A ginasta romena Nadia Comaneci se apresenta na trave de equilíbrio durante o torneio de ginástica artística dos Jogos de Montreal - AP - AP
A ginasta romena Nadia Comaneci se apresenta na trave de equilíbrio durante o torneio de ginástica artística dos Jogos de Montreal
Imagem: AP

Em que outra indústria seria aceitável contratar funcionárias de 8 anos em jornada de trabalho de 12, 14 horas diárias, sem adicional de periculosidade pelos riscos físicos garantidos? Onde mais seria lugar-comum ver meninos morando longe dos pais, sob a supervisão de pessoas sem qualquer formação em educação ou psicologia infantil?

Atletas formam a base da pirâmide esportiva, em todos os sentidos. Alimentam, sustentam, compõem a maioria de um mercado que não existiria sem eles, mas que, ao mesmo tempo, dá-lhes pouquíssimo poder e influência. E, se desconsiderarmos as exceções da elite da elite da elite, também os remunera mal pela sua mão e pé de obra.

Mas para além da questão financeira e da discussão de como esta torta precisa ser mais bem dividida, o ponto que me tira o sono é a vulnerabilidade em que aceitamos ver as crianças que abastecem nosso entretenimento. Os jogadores do Flamengo que queimaram em contêineres dentro do Ninho do Urubu são um cruel exemplo do descaso com que jovens atletas são tratados. Longe de casa e da família, vivendo dentro de caixas de lata, morrendo no centro de treinamento de um clube que faturaria 900 milhões de reais no mesmo ano.

Quem ligou, de verdade, para esses meninos enquanto o Flamengo dominava o futebol brasileiro? Ou para as ginastas da seleção americana que tantas vezes foram dormir chorando de fome às vésperas de competições? (De fome.
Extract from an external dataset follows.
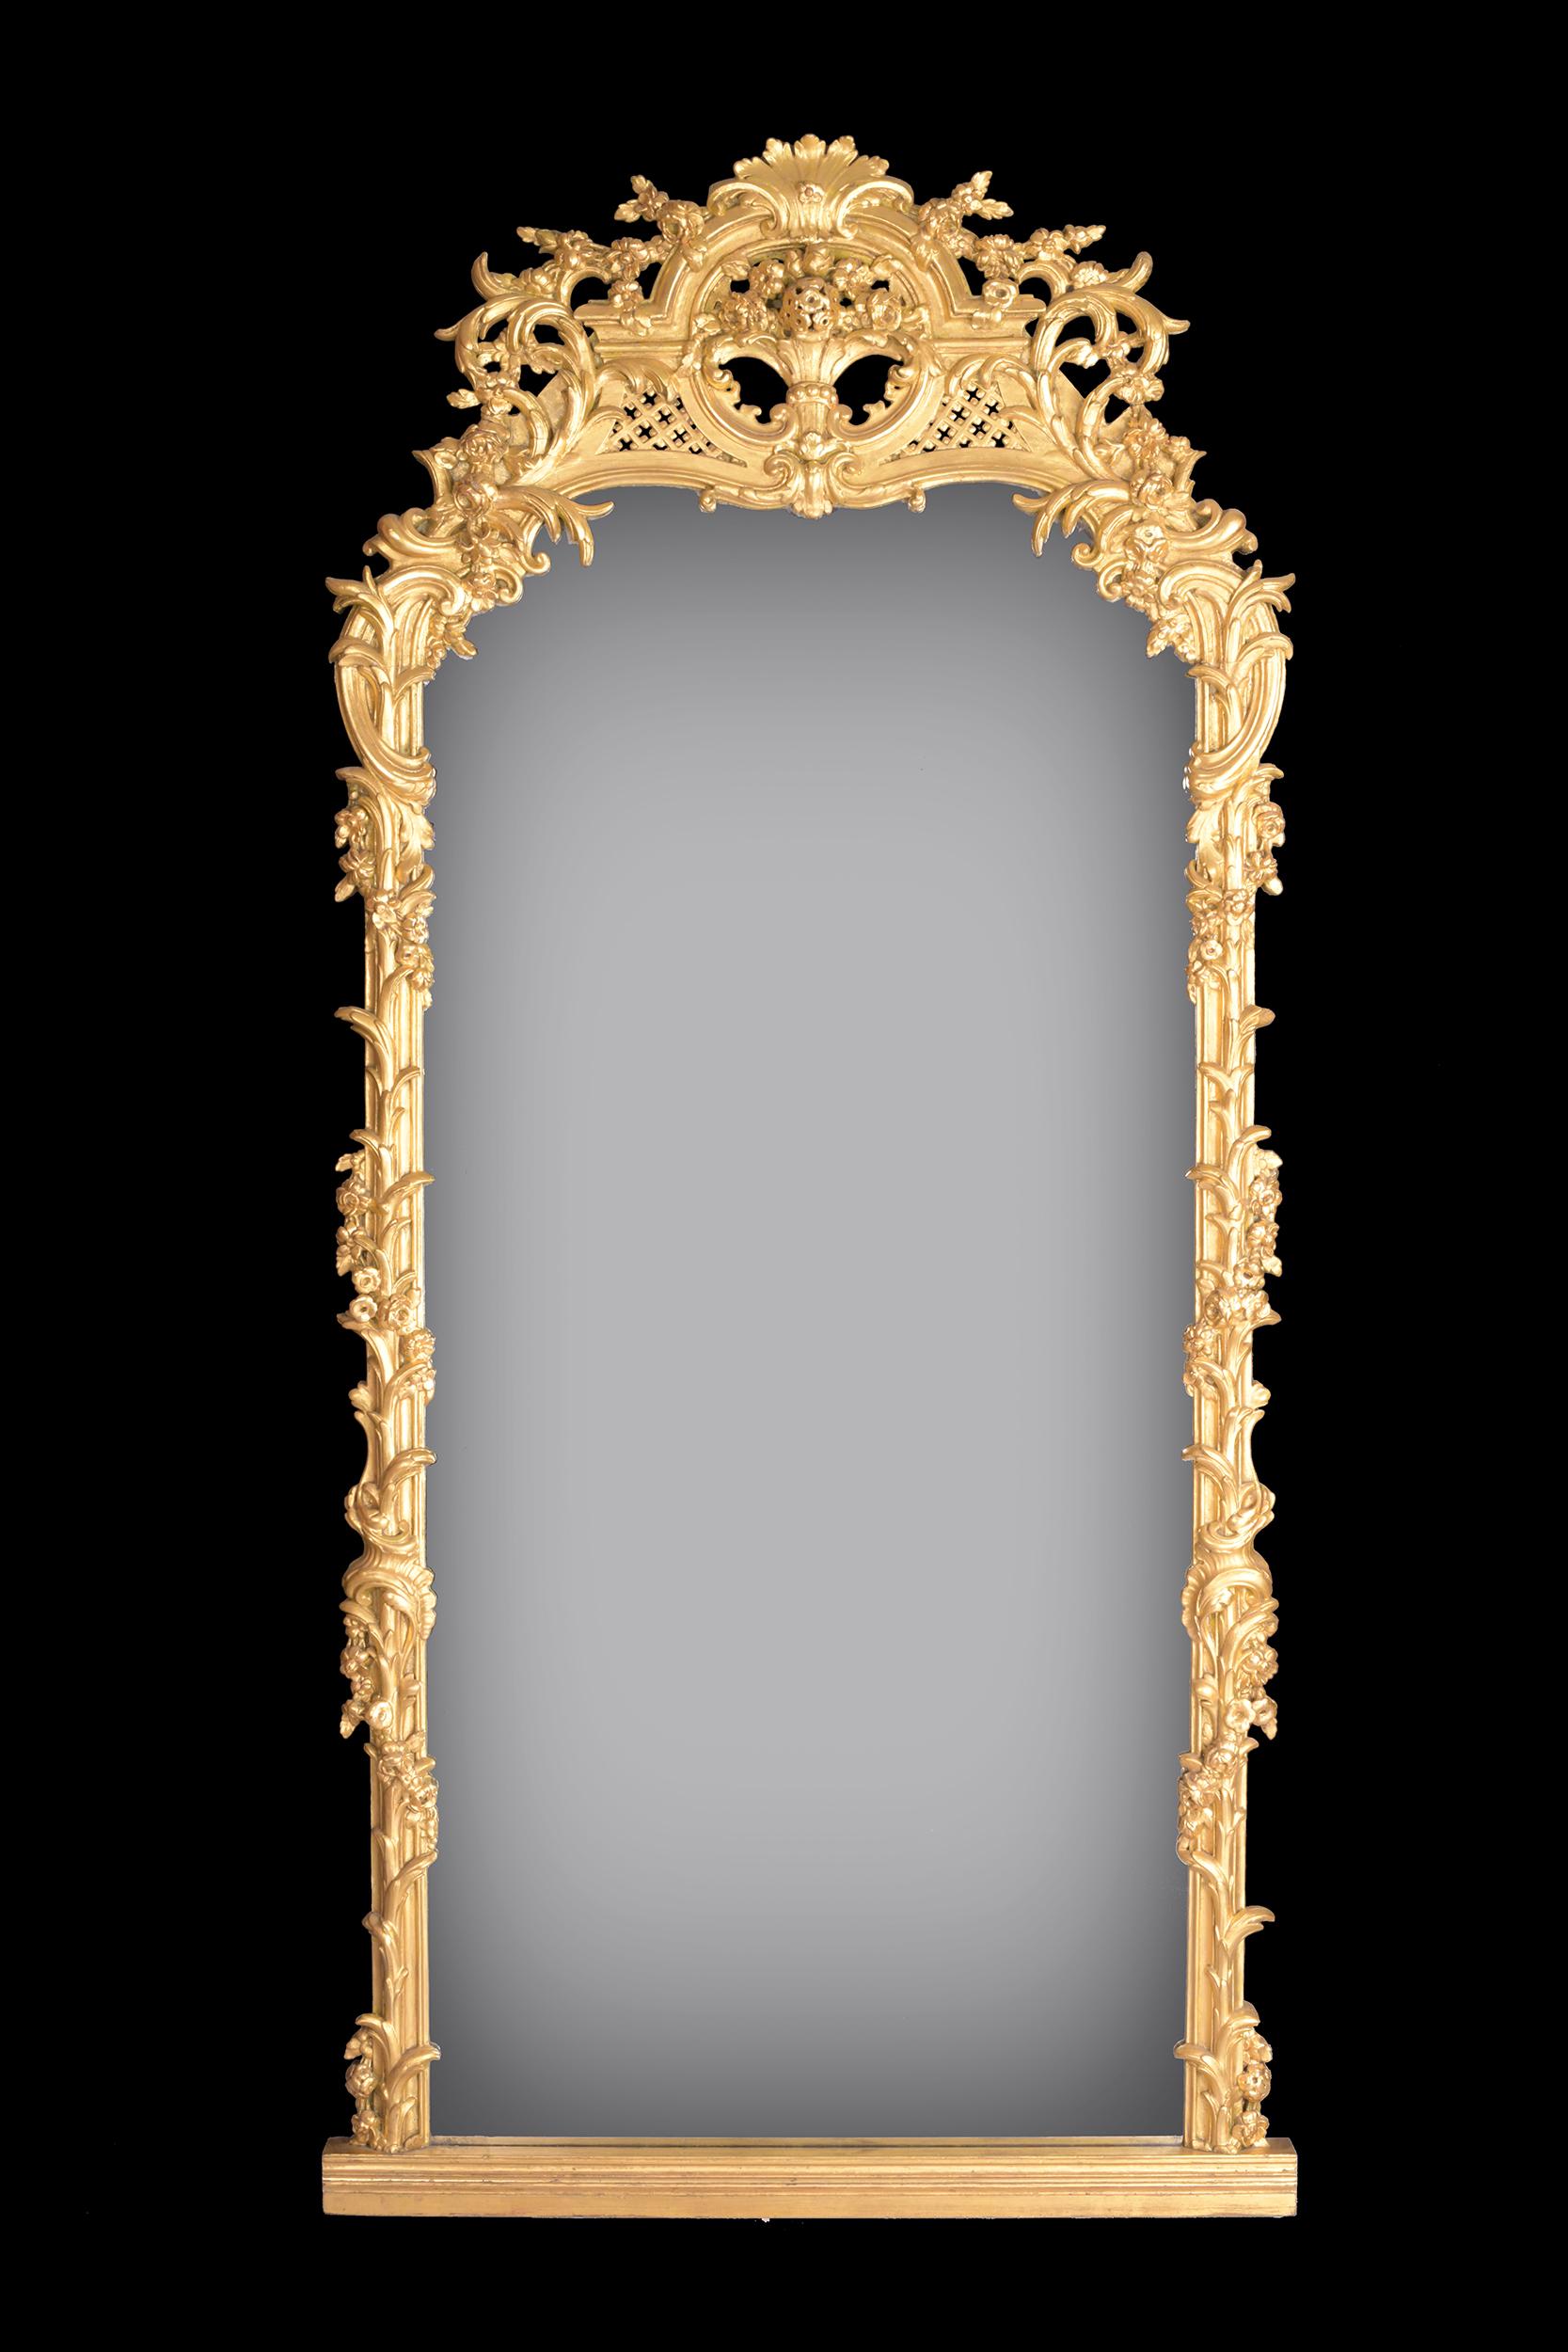 Ein sehr schöner, großer und attraktiver vergoldeter Spiegel in gewölbter, rechteckiger Form, umgeben von einem kunstvollen Blatt- und Rankenwerk, überragt von einem Rankenwerk und einer zentralen Muschel, die auf einer Plattform steht.

Um

Os treinadores Marta e Bela Karolyi queriam vê-las magras no limite da inanição, porque "corpos mais leves voam mais alto".) Ou quem realmente se ocupa das centenas de crianças abusadas da maneira mais vil por quem deveria estar cuidando de sua saúde física e psicológica?

Quem é, então, responsável por sustentar esta máquina de moer guris e gurias? Certamente toda a indústria esportiva, federações e comitês internacionais, grandes clubes, órgãos reguladores, mídias e patrocinadores. Mas não só. Também nós, que aplaudimos atletas competindo lesionados, que não temos ideia da condição em que vivem jogadoras e jogadores da base do nosso clube, que torcemos por performances sobre-humanas de adolescentes que mal passaram pela puberdade: somos todos cúmplices.

Como pungentemente resumiu a ex-ginasta americana Gaby Geiculescu: "O meu problema é que o preço de uma medalha de ouro não vale o sacrifício de uma criança". Nenhum gol, nenhum título, nenhuma cesta, NADA vale o sacrifício de uma criança. Que a gente não se esqueça disso.

(Para quem entende inglês, recomendo demais a temporada 7 do podcast 30 for 30 da ESPN. Heavy Medals, sobre a trajetória dos Karolyi na ginástica romena e americana, dá golpes fortíssimos no estômago olímpico.)